To move from noisy diagnostic inferences to accurate identification, we propose a human-machine partnered approach, wherein linguistic analysis of content shared on social media is combined with clinical appraisals. This project aims to explore the utility of social media as a viable diagnostic tool in identifying individuals with schizophrenia.

Initial data acquisition involved extracting publicly available Twitter posts from users with self-disclosed diagnoses of schizophrenia. Case-insensitive examples include “I am diagnosed with schizophrenia,” “told me I have schizophrenia,” and “I was diagnosed with schizoaffective disorder” (Textbox 1). Prior work identifying markers of mental illness online used similar filtering techniques based on self-reported diagnoses [22,23]. Data were extracted from Twitter because posts are often publicly accessible and readily available for analysis by researchers. Approval from the institutional review board was not sought because these data were freely available in the public domain and researchers had no interaction with the users.

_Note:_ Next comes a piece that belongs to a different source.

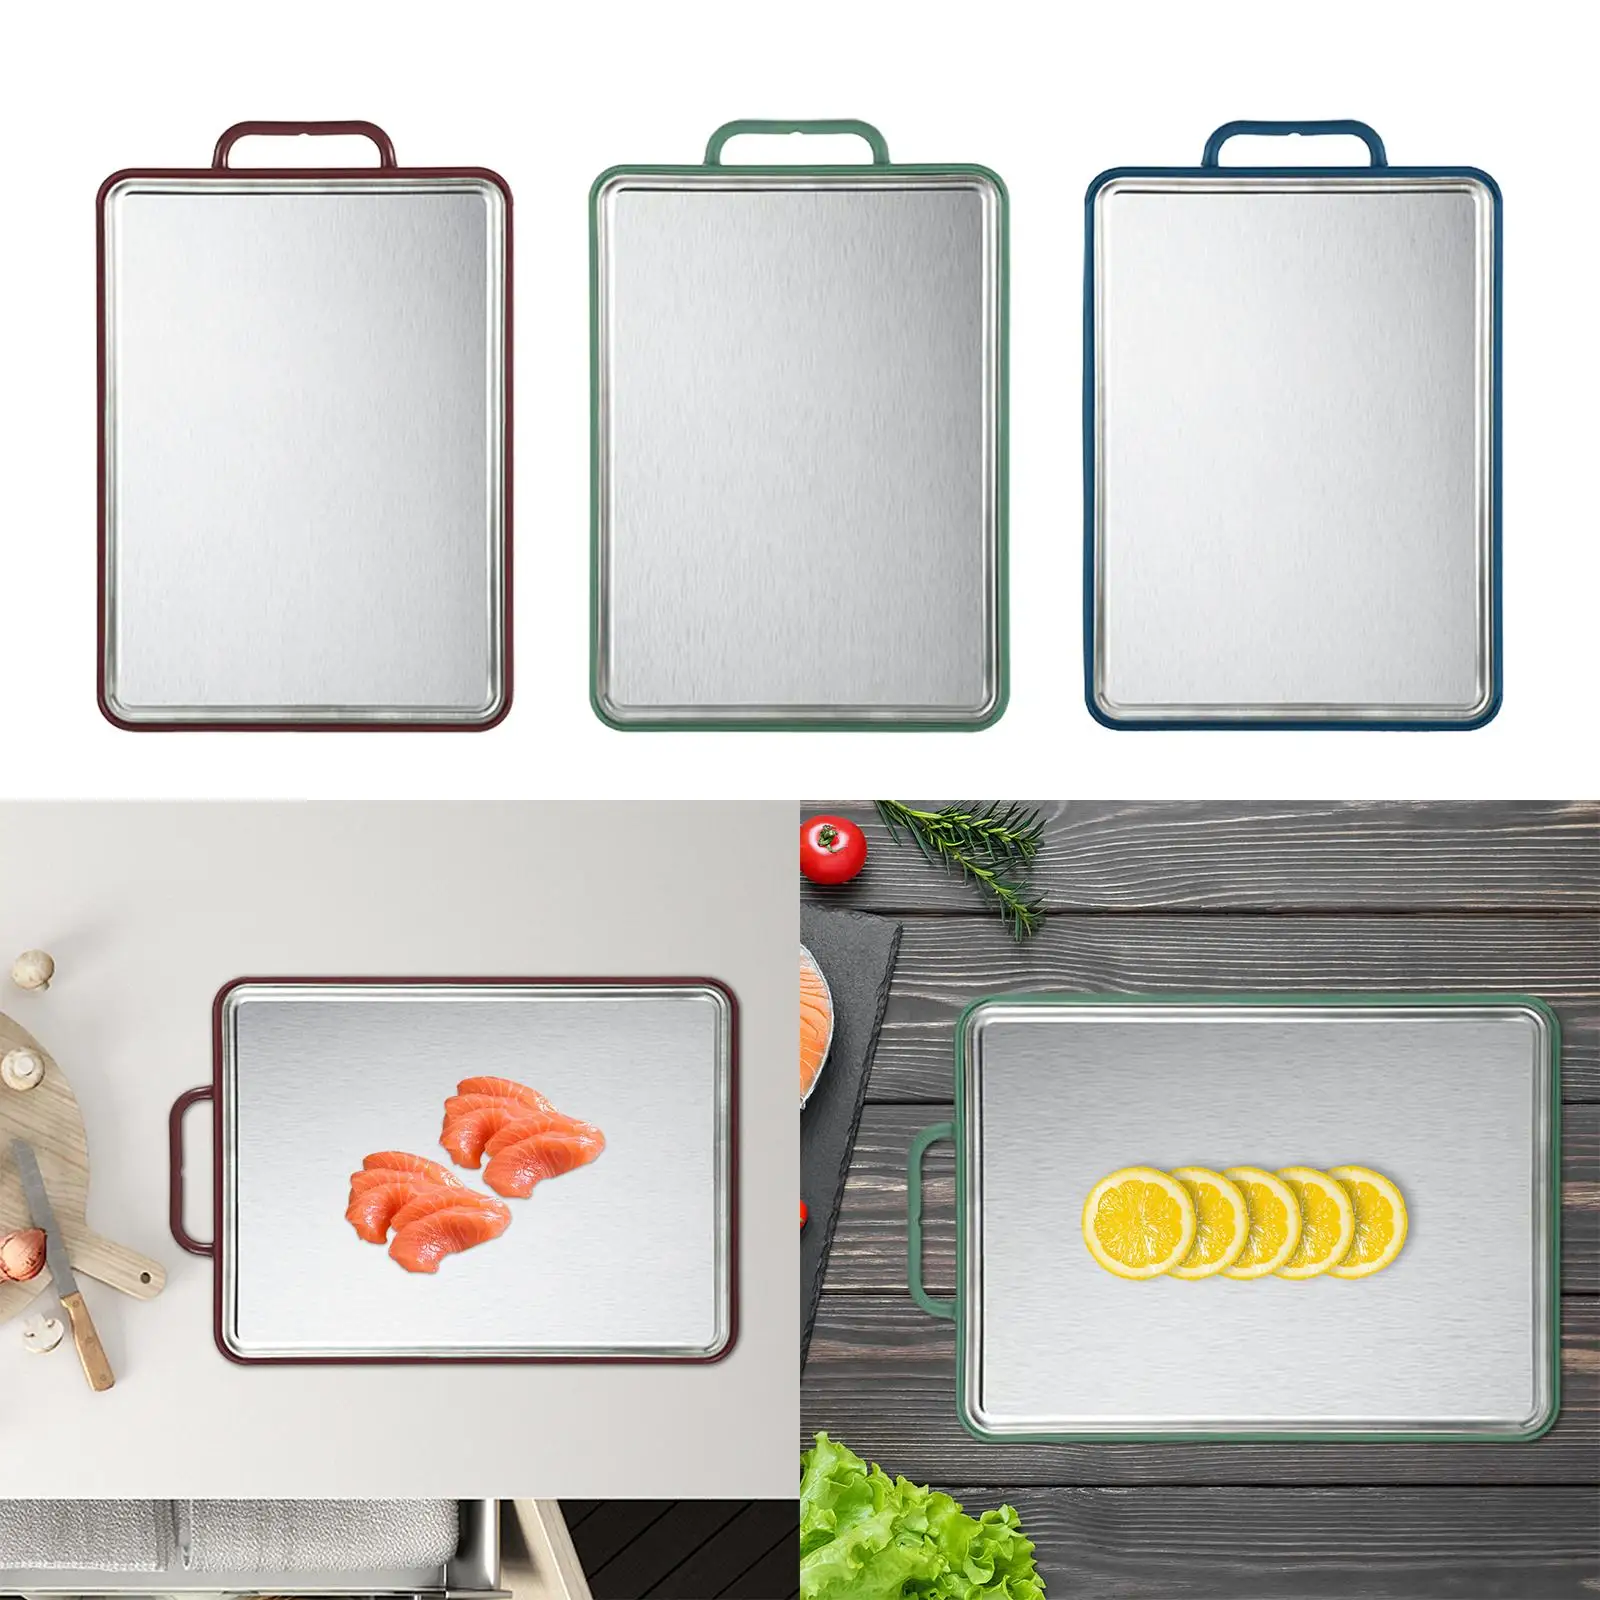 Double Sided Cutting Board Chopping Board Food Grade Material Kitchen Gadget

These search queries resulted in 21,254 posts by 15,504 users between 2012 and 2016. For each user, Twitter timeline data from 2012 to 2016 were collected using a Web-based Twitter crawler called GetOldTweetsAPI [24], which scrapes public Twitter profiles to obtain historical Twitter data in a structured format. The data included tweet text, username, posting time, hashtags, mentions, favorites, geolocation, and tweet ID. A subsample of 671 users from the primary dataset was randomly selected (each user had equal probability of being selected) and provided to two clinicians for appraisal. As a control group, a random sample of Twitter users was collected from individuals without any mentions of “schizophrenia” or “psychosis” in their timeline. Descriptive statistics of the acquired data are shown in Table 1.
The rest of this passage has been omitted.